Originaltitel: Noir – Art Bizarre

Herstellungsland: Deutschland 2013

DVD VÖ: 2014

Wertung: Empfehlung

Regie: Ralf Möllenhoff

Darsteller:  Lothar Baltrusch, Esther Brüschke, Sonja Imping

FSK: ab 18

Studio: R.I.P. independent production

Genre:  Horror

 

Inhaltsangabe:

Alek Wahning ist Kunstmaler. Als seine Ehe zu scheitern droht, wagt er einen Neuanfang und zieht an einen einsam gelegenen Ort. Dabei stört es ihn nicht, dass sein Umfeld durch einige ominöse, brachliegende Gebäudekomplexe verunstaltet wird. Eines Tages trifft er auf den sinistren Einsiedler Albrecht Großstädt, von dem er erfährt, dass sich an diesem Ort vor rund 30 Jahren ein schrecklicher Zwischenfall ereignete – seither geschehen merkwürdige Dinge.

Noch in derselben Nacht verspürt Alek den Drang ein Bild zu malen und er weiß, wie er es anzugehen hat: Schwarz soll es werden – komplett. Doch mit jedem Pinselstrich spürt er eine schleichende Veränderung. Da ist etwas, das auf ihn lauert, das zur tödlichen Bedrohung mutiert – n jeder finsteren Ecke, sobald e Schwarz sieht.

Schlie0lich findet er heraus, was damals tatsächlich geschah.

Komplett au Super 8 gedrehter experimenteller Old-School-Horror, der sich ohne digitale Effekte der Stilmittel der klassischen SW-Horrorfilme sowie der 1970er/80er Jahre Horrorfilme bedient.

Meinung / Fazit: Intensiver Horror Trip

Die Geschichte des Kunstmalers, seines blinden Sohnes, dem mysteriösen Umfeld und seiner Angst vor der Dunkelheit und dem Schwarz ist zuerst etwas undurchsichtig. Doch schnell setzt sich das Puzzle des Grauens zusammen. Die entsprechenden Puzzle Teilchen sind sehr gut aufeinander abgestimmt und hinterlassen nach dem Zusammenfügen wenig Unklarheiten. Auch die Darsteller funktionieren sehr gut in ihren Rollen, vor allem wenn man sich vor Augen führt, das hier keine überbezahlten Stars am Werke sind. Aber vielleicht ist es ja die Leidenschaft zum Produkt, die für die Authentizität sorgt und nicht die Menge an Geldbündeln.

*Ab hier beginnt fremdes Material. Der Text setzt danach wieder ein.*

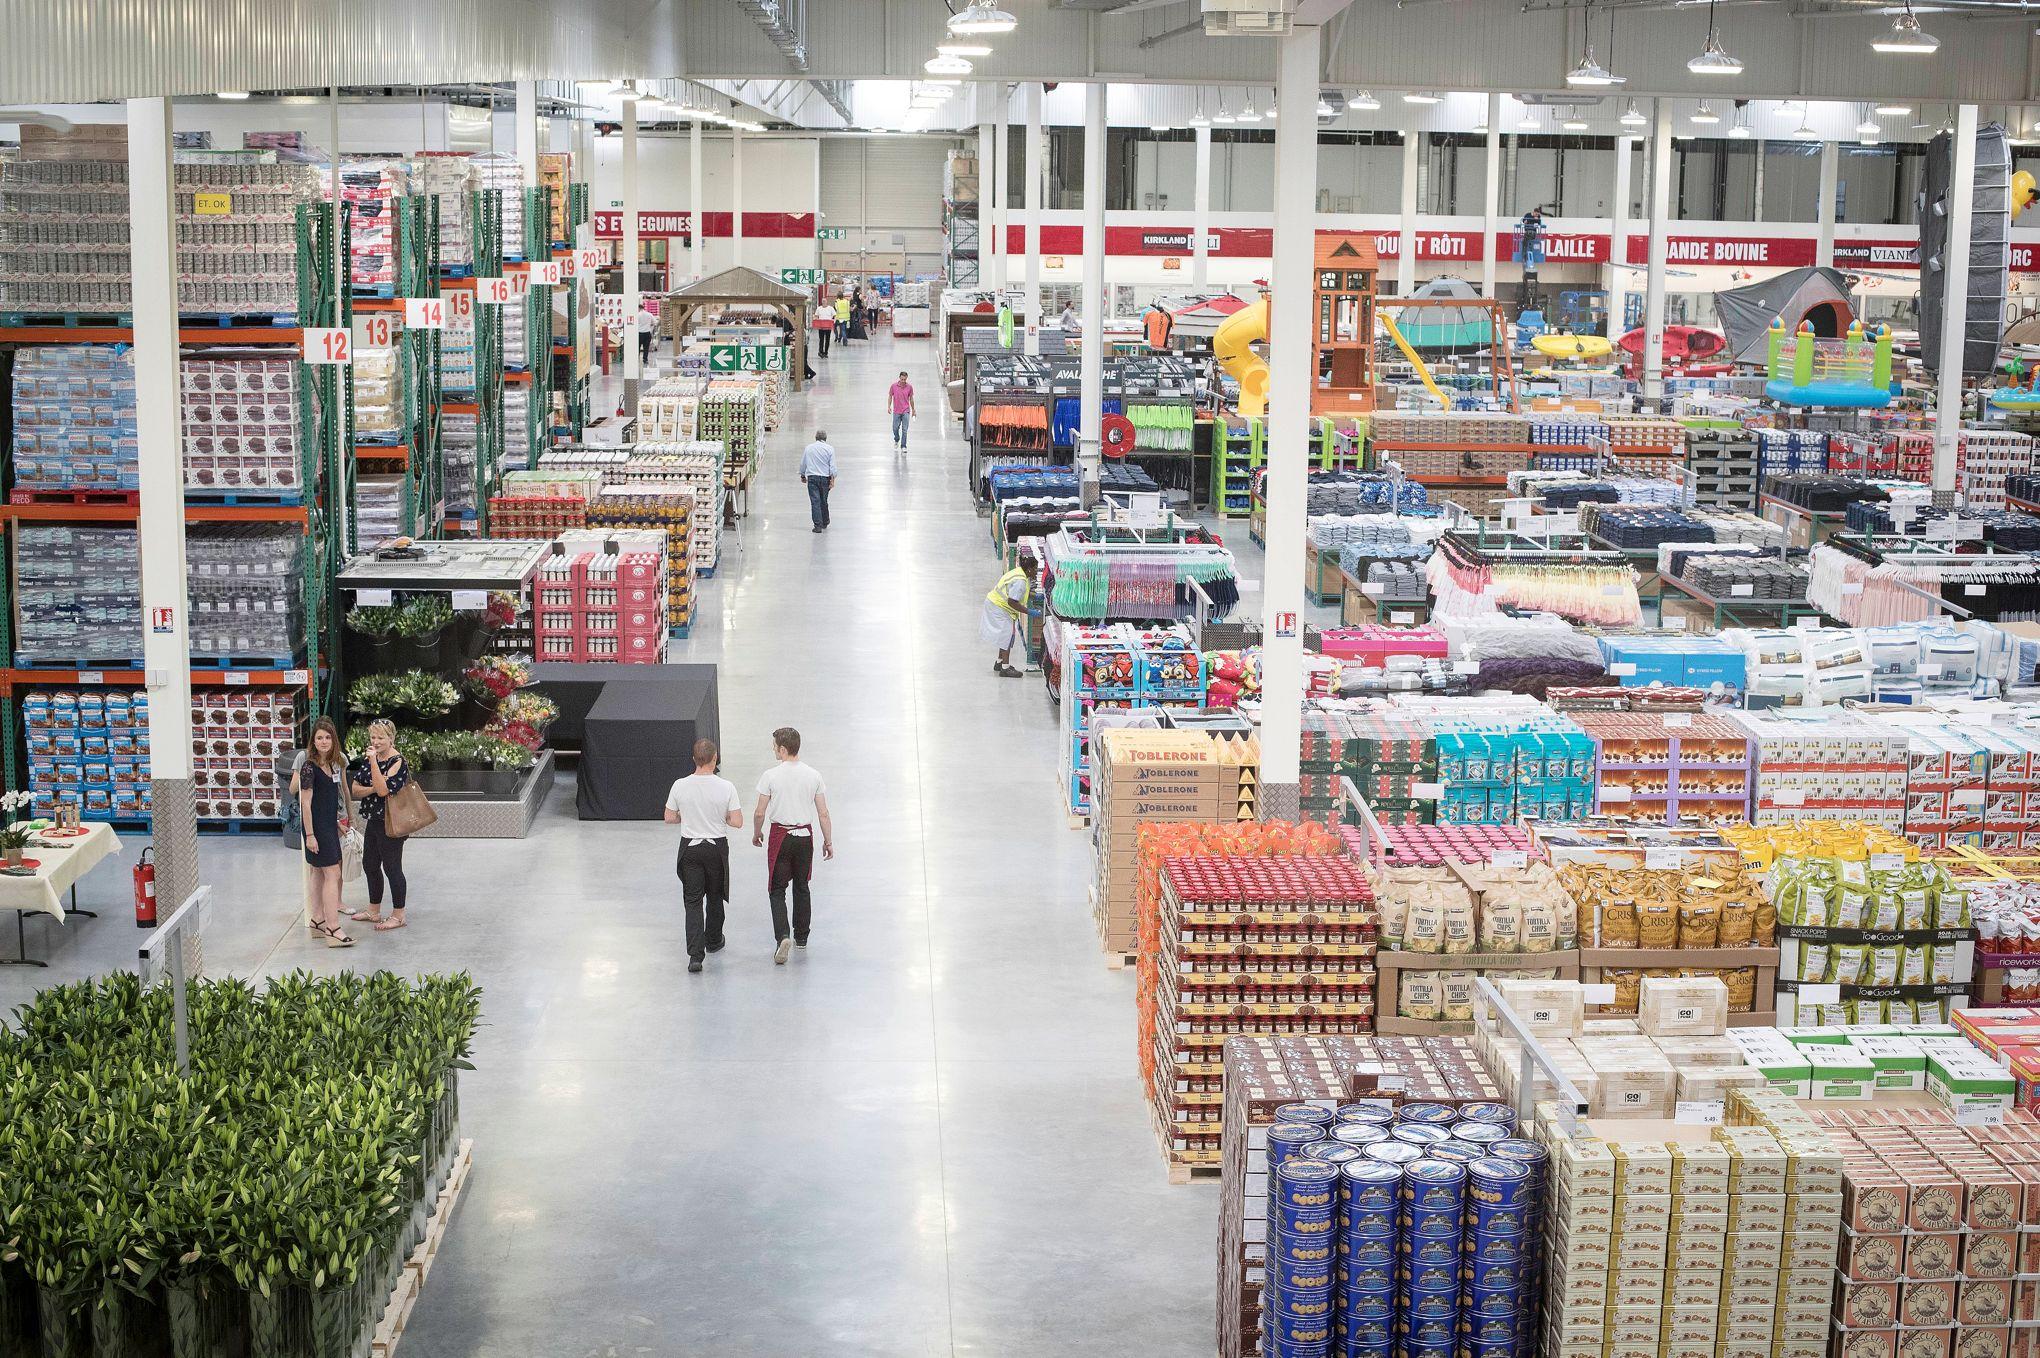 Le magasin géant Costco attire déjà les foules pour son inauguration

Aber es ist nicht die Story, die einem so bei diesem Film fasziniert. Es sind die starken Bilder und dazu die erschreckenden Sounds, die einen bannen und wie erstarrt auf den Bildschirm blicken lassen. Vor allem die in Schwarz-Weiß gehaltenen Szenen sind grauenhaft schön. Die monochromen Farben, das wackelige Bild, die grandiosen Schattenspiele und die viele kleinen optischen Fehler machen das Gesehene sehr mysteriös und vermitteln einem den Glauben hier reale Aufnahmen vorliegen zu haben. Vor allem das sehr brutale und schockierende Finale bietet Hochspannung und Grauen mit sehr viel optischer Finesse für das Schrecken in Schwarz-Weiß.

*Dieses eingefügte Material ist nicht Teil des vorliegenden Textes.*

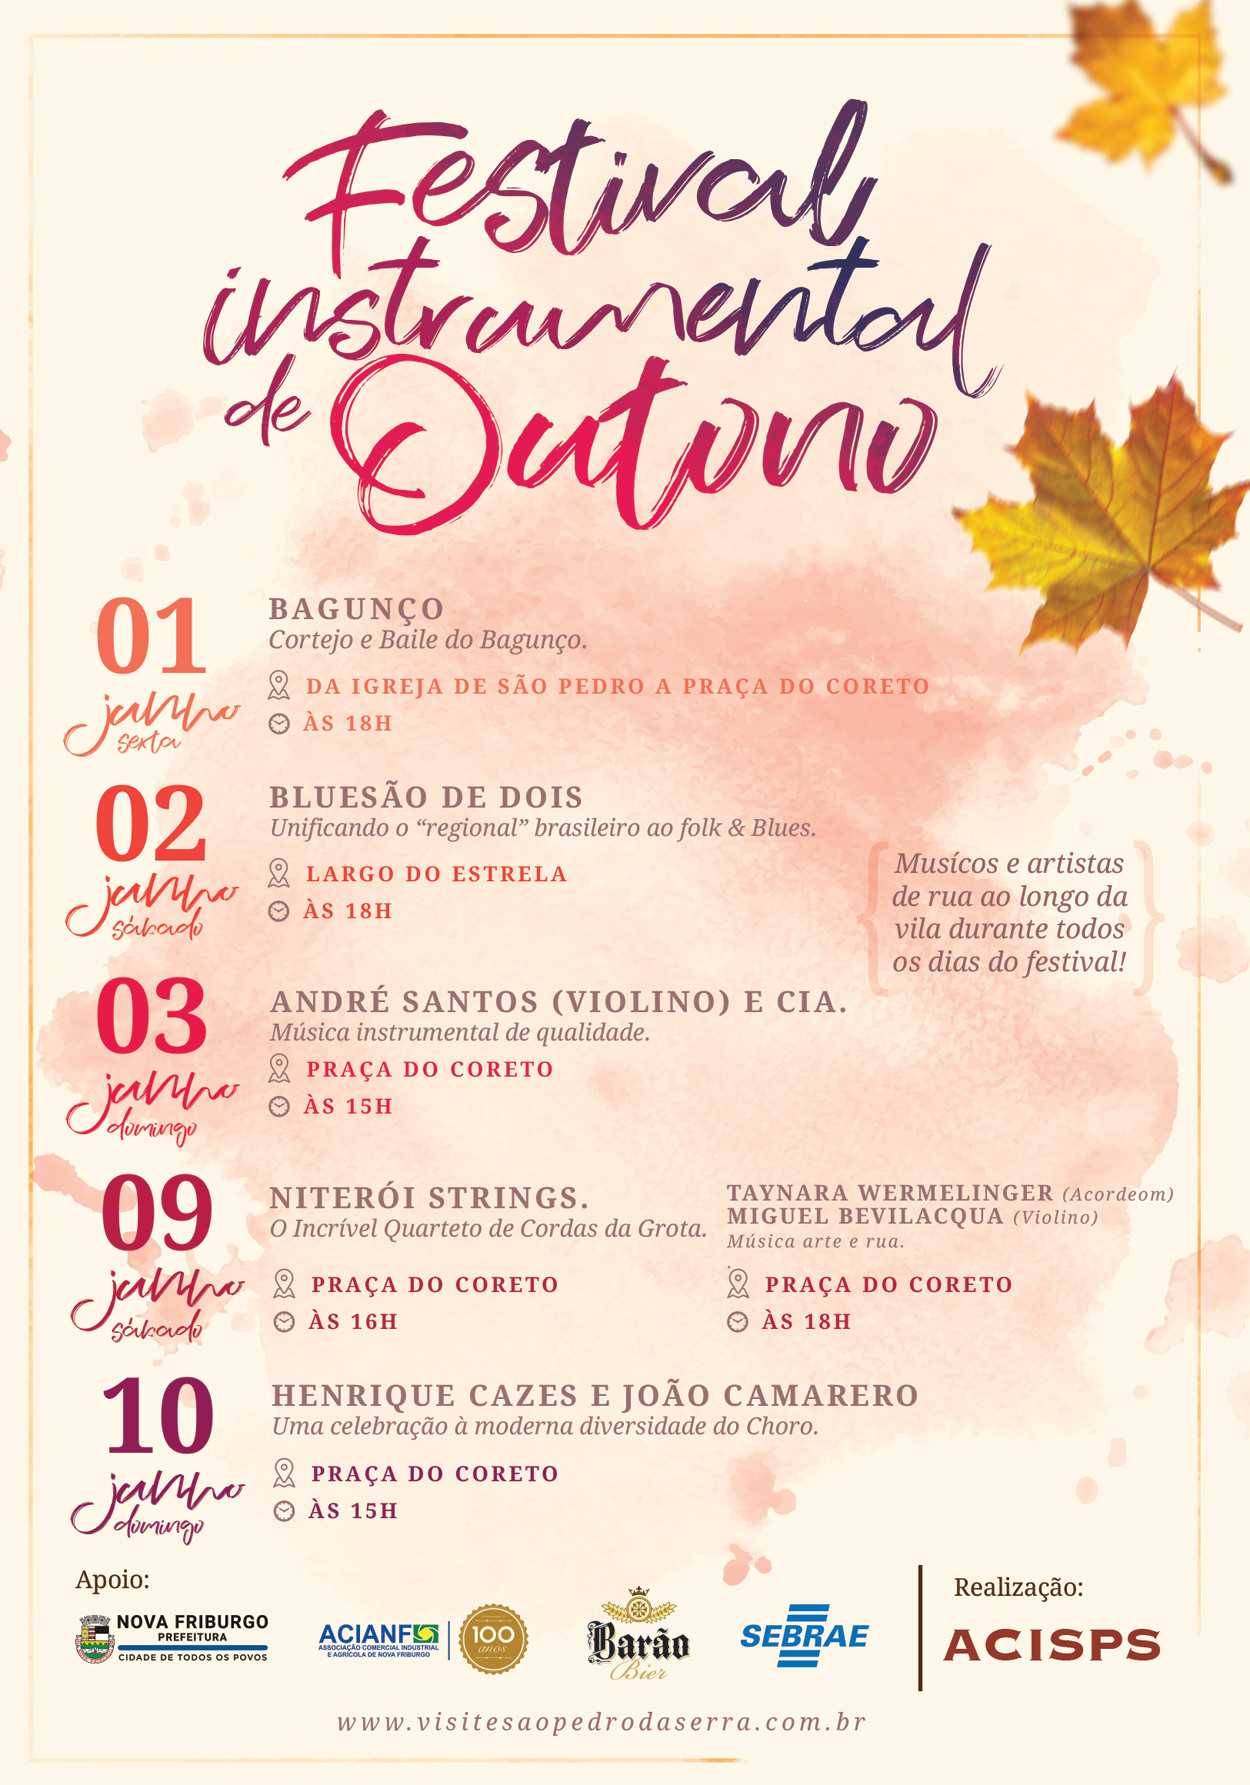 Programação do Festival Instrumental de Outono em São Pedro da Serra

Sehr gelungen empfinde ich auch andere optische und akustische Dinge wie die Pinselkamera, die dem Pinselstrich folgt. Auch die Sequenzen, in denen man zum Hörspiel die Zeitrafferaufnahmen des Himmels zu sehen bekommt sind sehr stimmungsvoll. Sensationell und nervtötend zugleich sind die Tinnitus Sounds, wenn wir den Maler aus Sicht des schwarzen Bildes sehen, aber auch sonst sitzt die Filmmusik und die akustischen Effekte wie die Faust aufs Auge und sorgt für eine zusätzliche Dichte. Aber dies sind nur einige Auffälligkeiten, die hier aufgeführt sind.

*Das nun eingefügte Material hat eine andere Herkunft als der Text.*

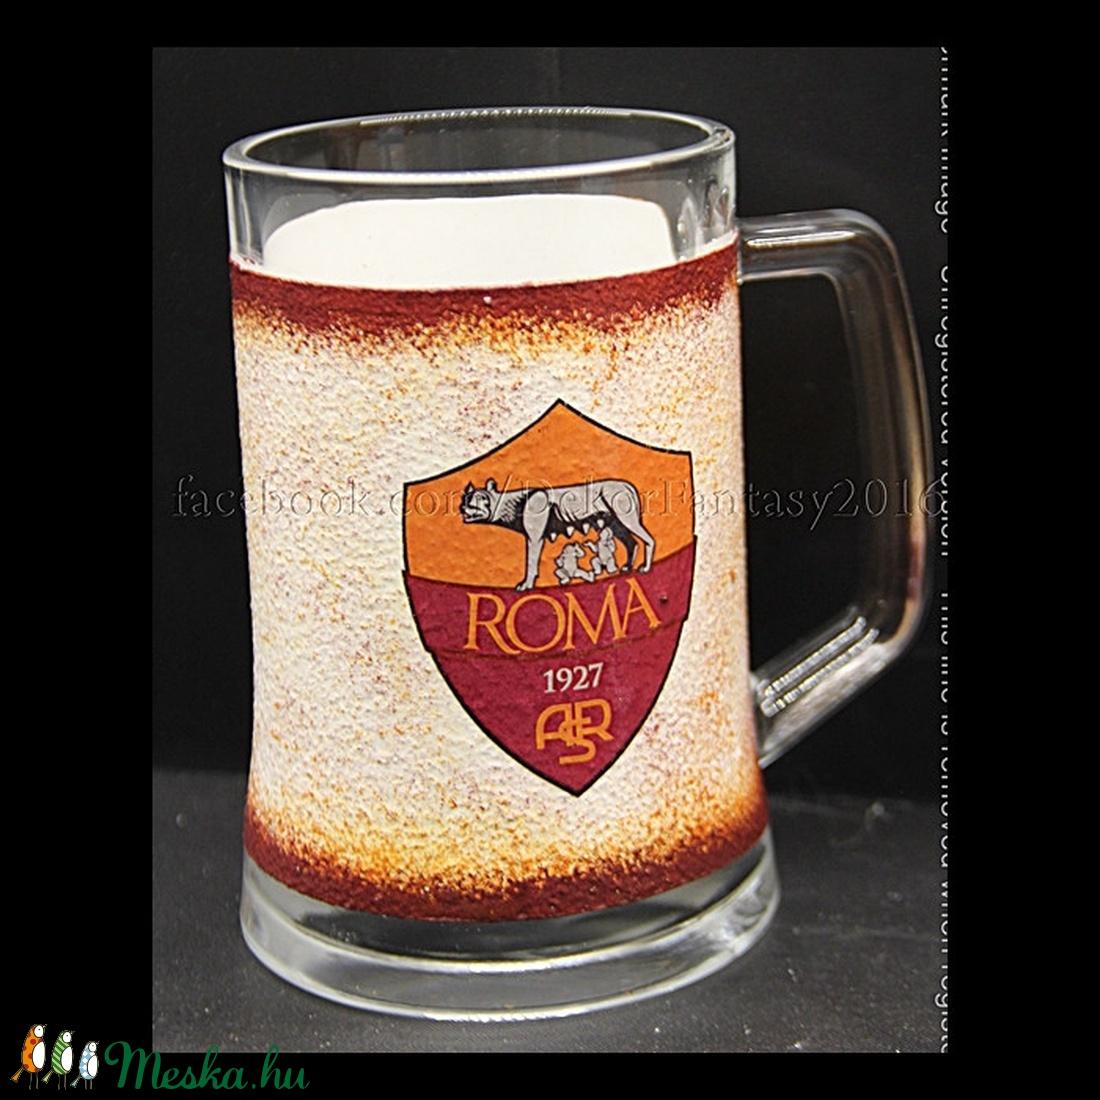 AS ROMA  emblémával díszített  sörös korsó ( 0,5 l )  (decorfantasy) - Meska.hu

Was Splatter angeht passiert mengenmäßig nicht so viel, doch wenn dann richtig. Die Heckenschere kommt zwei mal sehr ausgeprägt zum Einsatz, vor allem ihr zweiter Auftritt ist extrem brutal und schockierend. Aber auch die ägyptisch inspirierten Rituale zur Gehirn- und Gedärmeentfernung sind nicht ohne!

Vieles in diesem Film ist interessanterweise direkt mit der Filmgeschichte von „Nerves“ verbunden, dem Film den Ralf Möllenhoff bereits im Jahre 2009 gedreht hatte. Wir befinden uns in unmittelbarer Nähe zum Ort dieses Geschehens, die Geschichte des Dr.Schmalbergs und seiner Experimente taucht wieder auf, die Hieroglyphen und Rituale und die wandelnden Toten in Weihnachtskostümen  kennen wir auch bereits. Und so stellt sich heraus, dass auch das Schicksal vom Kunstmaler Alek Wahning direkt mit den Vorkommnissen aus „Nerves“ zusammenhängt.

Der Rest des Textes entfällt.